Error corpus from English Wikipedia

The Error corpus from English Wikipedia is an error corpus made up of a sample of texts collected from the English Wikipedia. This is an only 1-million-word sample from English Wikipedia created in March 2017.

Types of errors

The automatic tool marks six types of errors in texts:

Code	Description	Example
lexicosemantic	lexico-semantic errors	mentor \| a mentor
punct	mistakes in punctuations	! \| .
spelling	misspelling	intensly \| intensely
style	typos relating to style
typographical	mistakes relating to typography	‘ \| “
unclassified	other types of typos	is to be \| was

Part-of-speech tagset

This English error corpus was tagged by TreeTagger using Penn TreeBank tagset with Sketch Engine modifications.

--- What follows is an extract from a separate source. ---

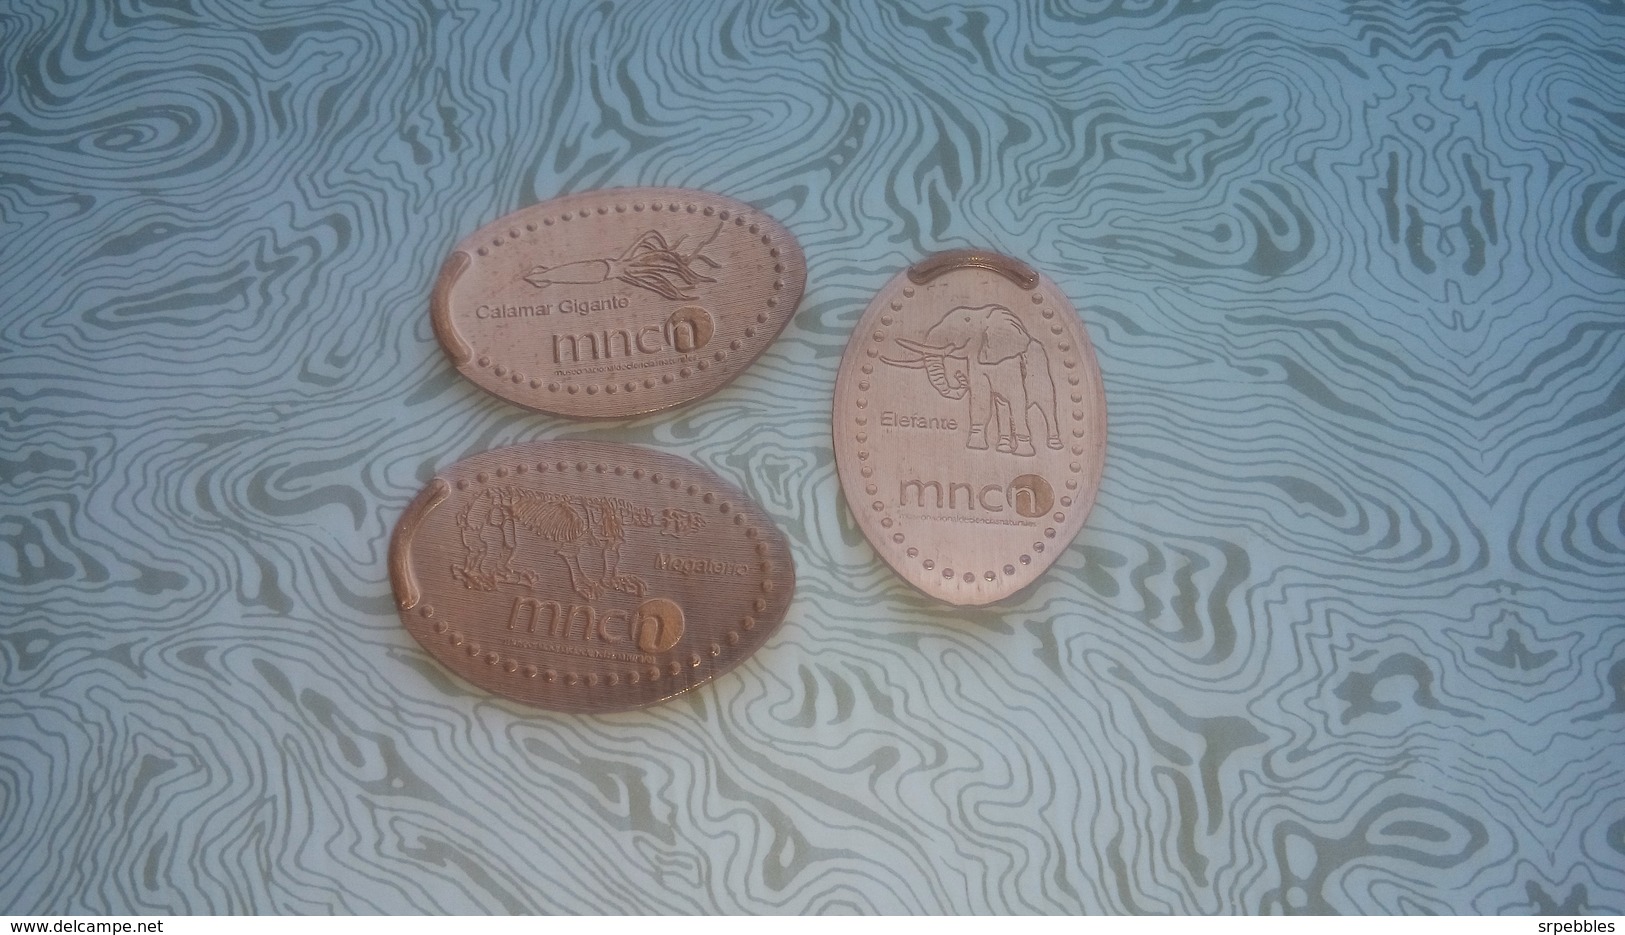 ¡¡NUEVO!! MUSEO NACIONAL DE CIENCIAS NATURALES MADRID - M063 - Moneda Elongada - Elongated Coin - Smashed Coin - Monete Allungate (penny Souvenirs)

Tools to work with the error corpus

A complete set of tools is available to work with this English error corpus to generate:

error tagging – errors marked by the type of error (spelling, typography, etc.)
word sketch – English collocations categorized by grammatical relations
thesaurus – synonyms and similar words for every word
word lists – lists of English nouns, verbs, adjectives etc. organized by frequency
n-grams – frequency list of multi-word units
concordance – examples in context
keywords– terminology extraction of one-word
text type analysis – statistics of metadata in the corpus

Changelog

initial version – sample (March 2017)

1-million-word sample from English Wikipedia

Bibliography

KLETEČKA, Jiří. Wikipedia Learner’s Corpus [online]. Brno, 2017 [cit. 2018-03-07]. Available from: . Bachelor’s thesis. Masaryk University, Faculty of Informatics. Thesis supervisor Vít Baisa.